In January 2023, my partner and I tried our hands at kintsugi: the Japanese art of repairing broken ceramics, painting the cracks with metallic lacquer. Imperfection is thought to make the repaired object more beautiful. I loved the symbolism. But I envisioned a clean, elegant imperfection. What we got instead was mundane imperfection. Our bowl broke into more fragments than we could epoxy back together. Untidy smears of gold paint covered our partial bowl. It was meant to be a fun bonding activity, but I couldn’t conceal my frustration—even though the irony of being frustrated by imperfection in this situation wasn’t lost on me. I recalled my solo, as I often do when I suffer from rigid or unrealistic expectations.

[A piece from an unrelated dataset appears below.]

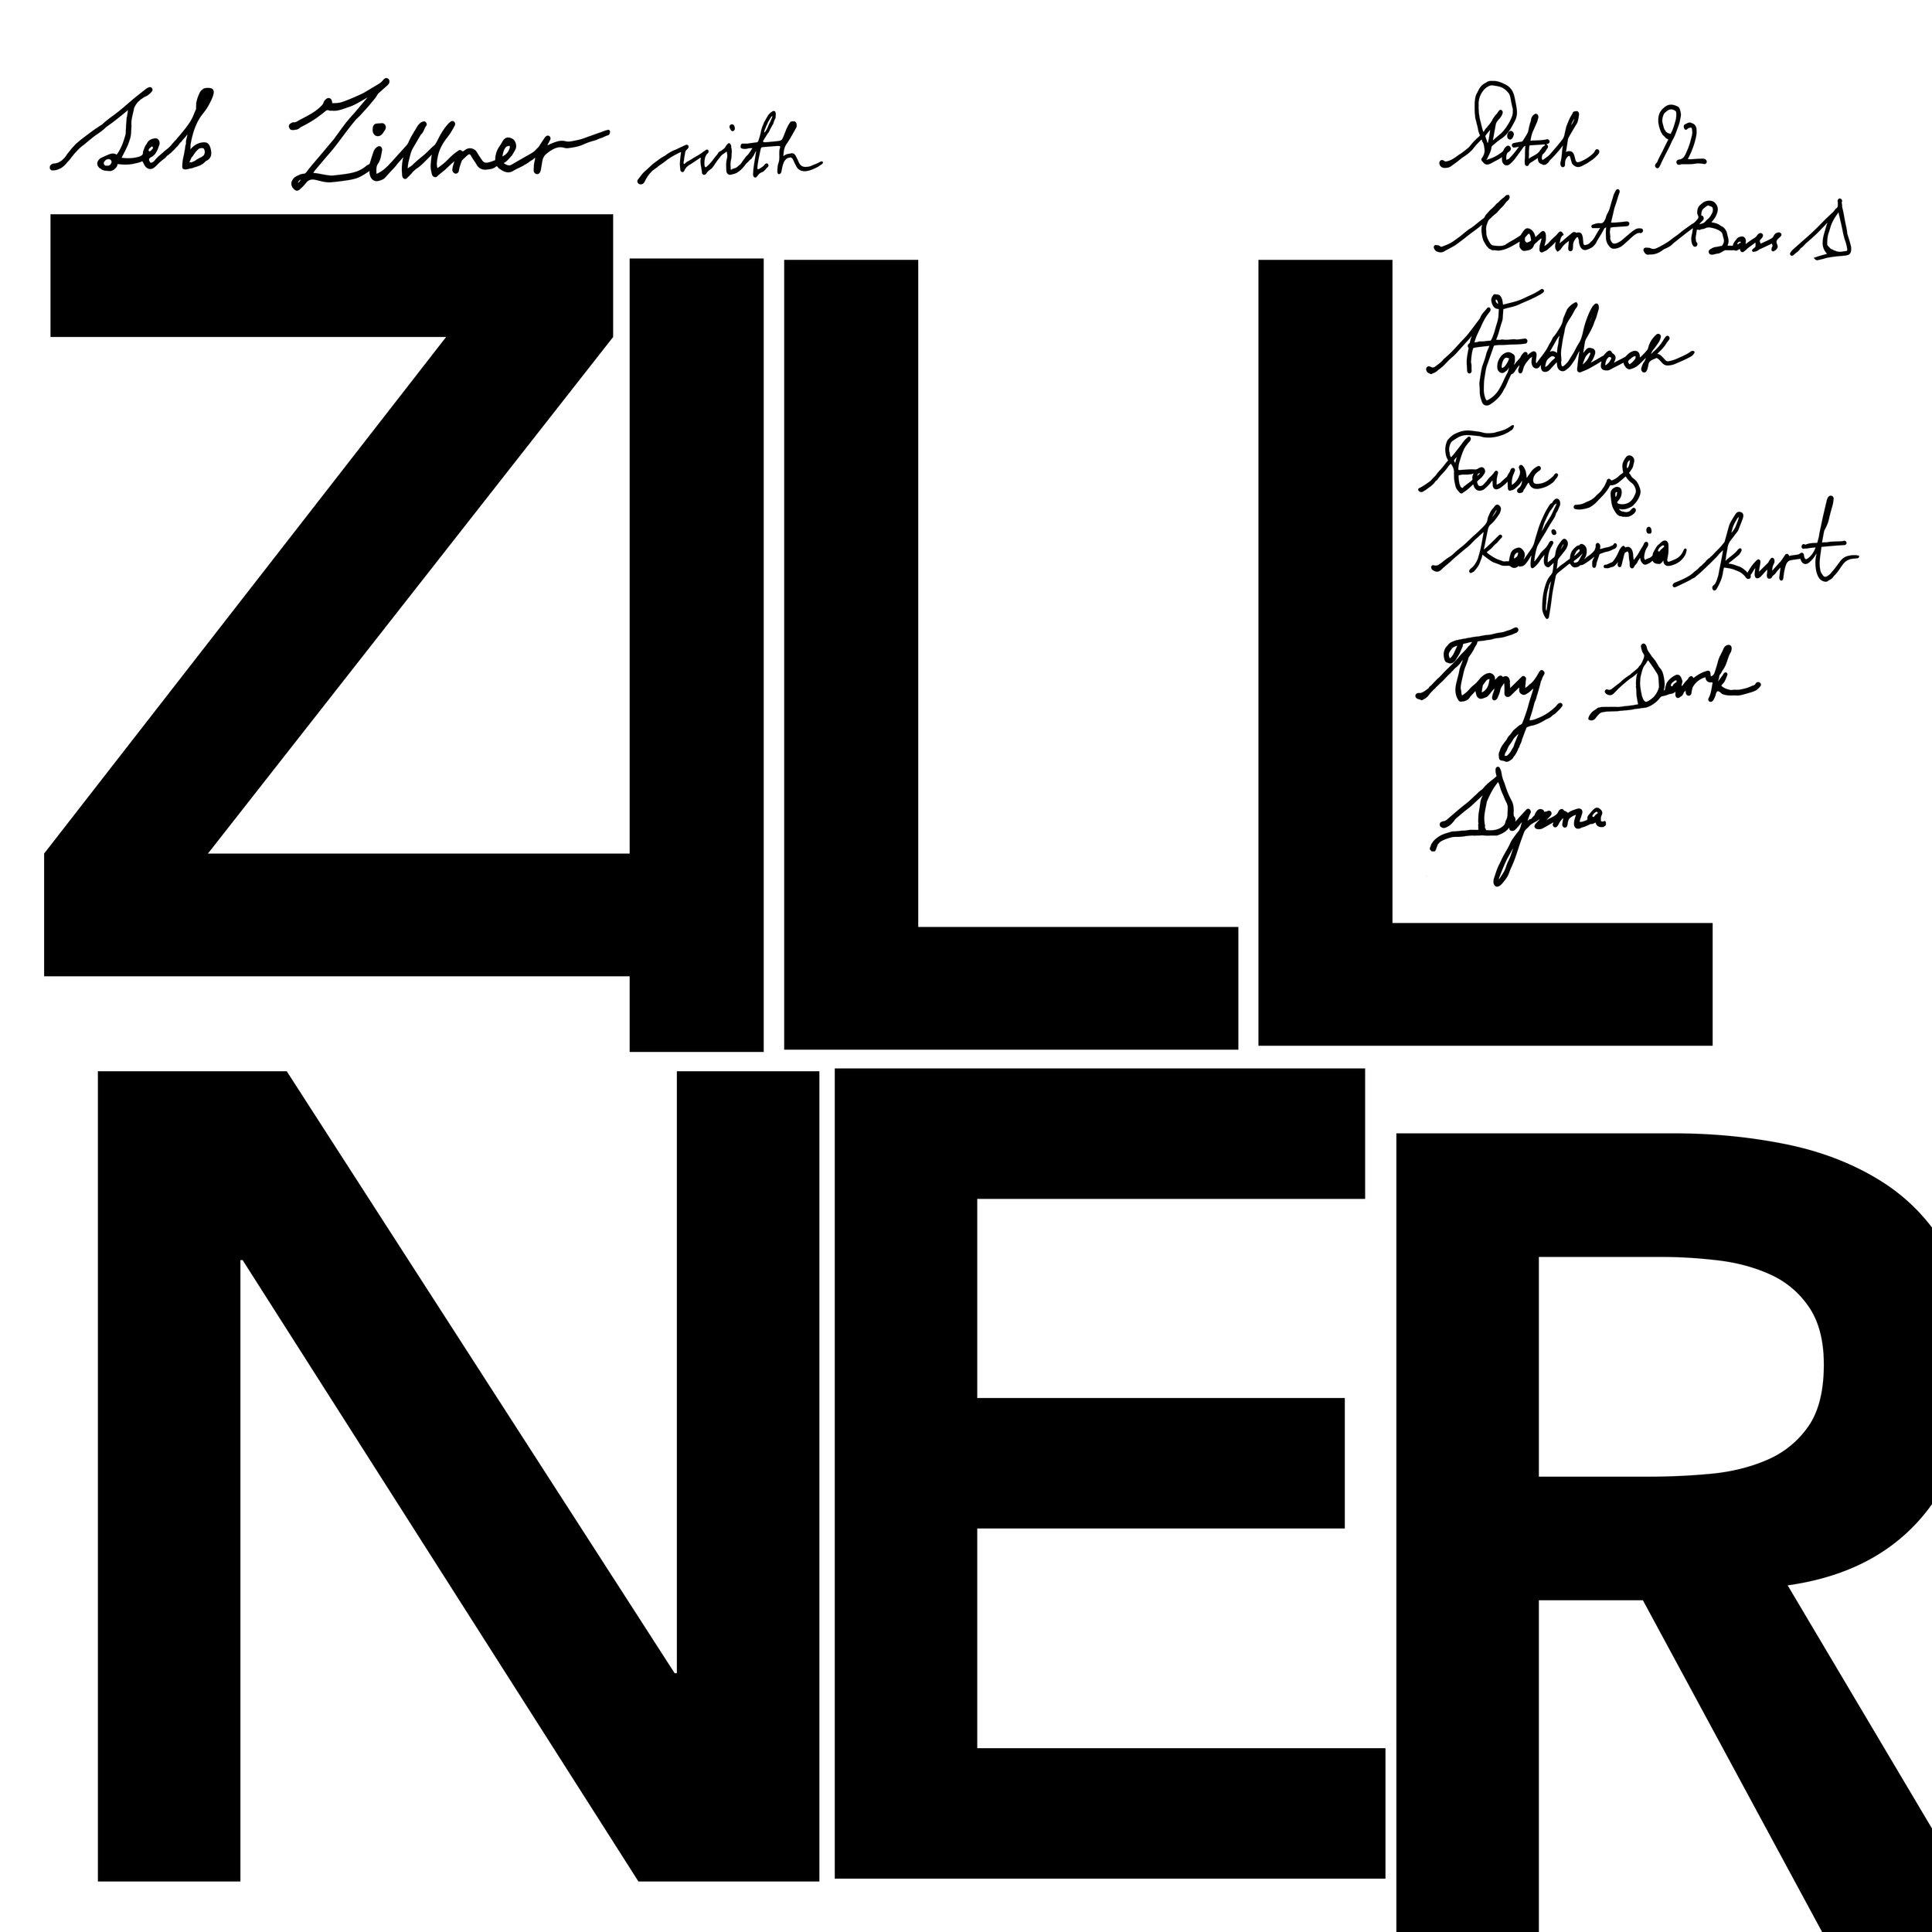 Seb Zillner - ZILLNER   Exectutive Producer  ,   Saxophone, Flute, Duduk & Additional Programming Seb Zillner   © 2018 Pickle Juice  Listen on Spotify
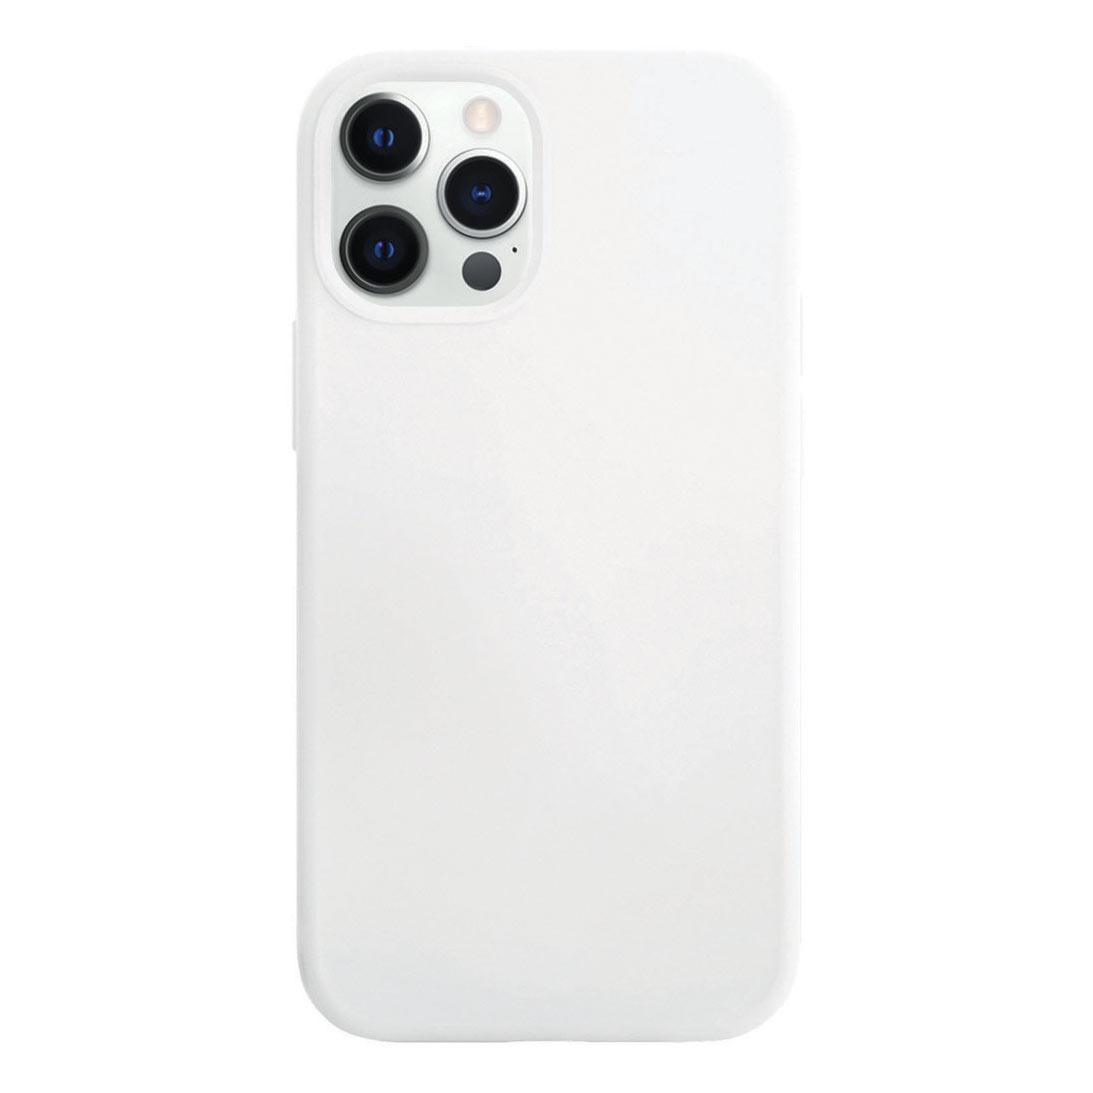 Чехол VLP Silicone Case для смартфона Apple iPhone 12/12 Pro, белый

The appeal of acute transformational experiences is undeniable, especially in an era of dwindling attention spans, on-demand conveniences, and productivity hacks. We want the four-hour body, the one-week enlightenment, the 10 years of therapy in one night (as some describe ayahuasca ceremonies.) Profound spiritual or personal epiphanies are possible, as is disappointment—especially when poorly managed expectations coincide with a lack of preparation before, openness during, and integration after the experience.

My solo did not cure me of Icarus-high hopes. But it’s an amulet I carry with me, helping me notice when I’ve been expecting too much. Twenty years later, I probably think of my severed solo more often than I would if I’d had a full 24 hours of uninterrupted solitude, or what might have passed for an epiphany at age 14.

“Life will give you whatever experience is most helpful for the evolution of your consciousness,” Eckhart Tolle wrote. In other words, I didn’t have the solo I wanted to have; I had the one I needed. I wish the same for all voyagers, even Rodgers. Especially if that includes the revelation that he should get vaccinated.